Após o reconhecimento de parte dos envolvidos, a Polícia Militar de Santa Catarina confirmou que Nunes serve à corporação, afirmou que a atitude é “incompatível com a profissão”, e disse que abriria um processo administrativo disciplinar sobre o militar. Já em Pernambuco, a Assembleia Legislativa do Estado fez um ato de repúdio ao vídeo na segunda-feira. A OAB em Pernambuco, por sua vez, entrou com um pedido de análise de conduta no tribunal de ética e disciplina da Ordem contra Jatobá e afirmou estar tentando apurar a identidade dos demais. Além disso, publicou uma nota repudiando o fato.

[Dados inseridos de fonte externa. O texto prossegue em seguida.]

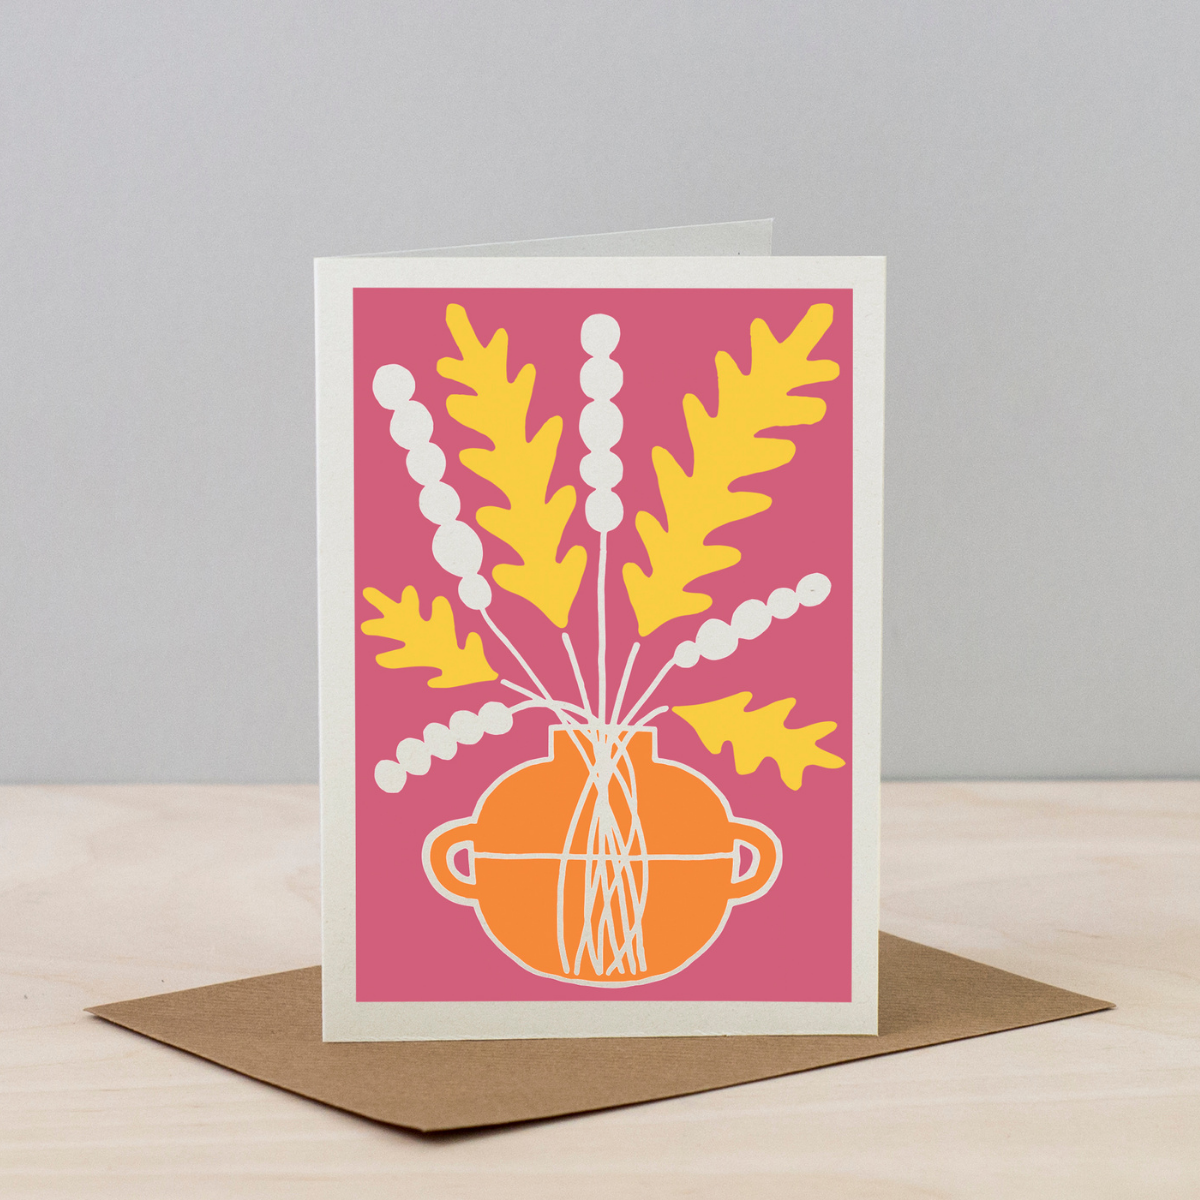 All Occasions Greetings Card - Leaf

A exposição desses brasileiros nas redes levou a uma investigação por parte da imprensa sobre a história deles. De acordo com o jornal O Globo, Jatobá foi condenado pelo Tribunal de Contas do Estado de Pernambuco (TCE) por irregularidades na prestação de contas de 2012 do município, quando ele atuava na gestão do então prefeito Pedro Serafim (PDT). Ele também foi condenado por dever, segundo a Justiça, cerca de 37.500 reais de pensão alimentícia à ex-mulher, em um processo iniciado em 2014, segundo O Globo.
Os torcedores não imaginavam que a brincadeira poderia ir tão longe. Mas não por desconhecer o poder das redes. Jatobá, inclusive, já tinha um antecedente com a internet depois que uma foto em que ele aparece ostentando um maço de notas de dólares na mão se espalhou em 2013. Na época, como figura pública, teve que se explicar. Disse que estava em uma casa de câmbio, que o dinheiro não era dele, e que estava fazendo uma brincadeira com um amigo.
Por outro lado, a experiência dos torcedores mostrou, uma vez mais, que a reação feminina no Brasil é rápida e imediata no melhor estilo “mexeu com uma, mexeu com todas”, lema que marcou a primavera feminista em 2015. Milhares de brasileiras se identificaram com a moça que, ingenuamente, repetia a grosseria, e tomaram as redes com o repúdio à atitude.
Ver graça em cercar uma mulher e gritar “boceta rosa” sem que ela entenda do que se trata - e mesmo que ela entendesse – parece hoje uma atitude que se descolou da nova realidade brasileira e mundial. Empresas ou pessoas físicas que teimam em duvidar dessa resistência têm entrado numa longa fila de pedidos de desculpas públicas. “Não é engraçado. É machismo. Misoginia. E vergonha. Muita vergonha”, escreveu a atriz Leandra Leal em seu Instagram, ao reproduzir trecho do vídeo, para seus milhares de seguidores. "Parece que os rapazes do vídeo estão com medo de perder o emprego. É pra gente se solidarizar com o sofrimento deles? Ah, vão à merda", escreveu a jornalista esportiva Milly Lacombe em sua conta no Twitter. “Medo temos nós de viver em uma sociedade machista, misógina, racista e homofóbica. Eles que agora lidem com o medinho deles”, continuou twitando. Não à toa, o repúdio foi além do tribunal das redes sociais e não se limitou somente às mulheres.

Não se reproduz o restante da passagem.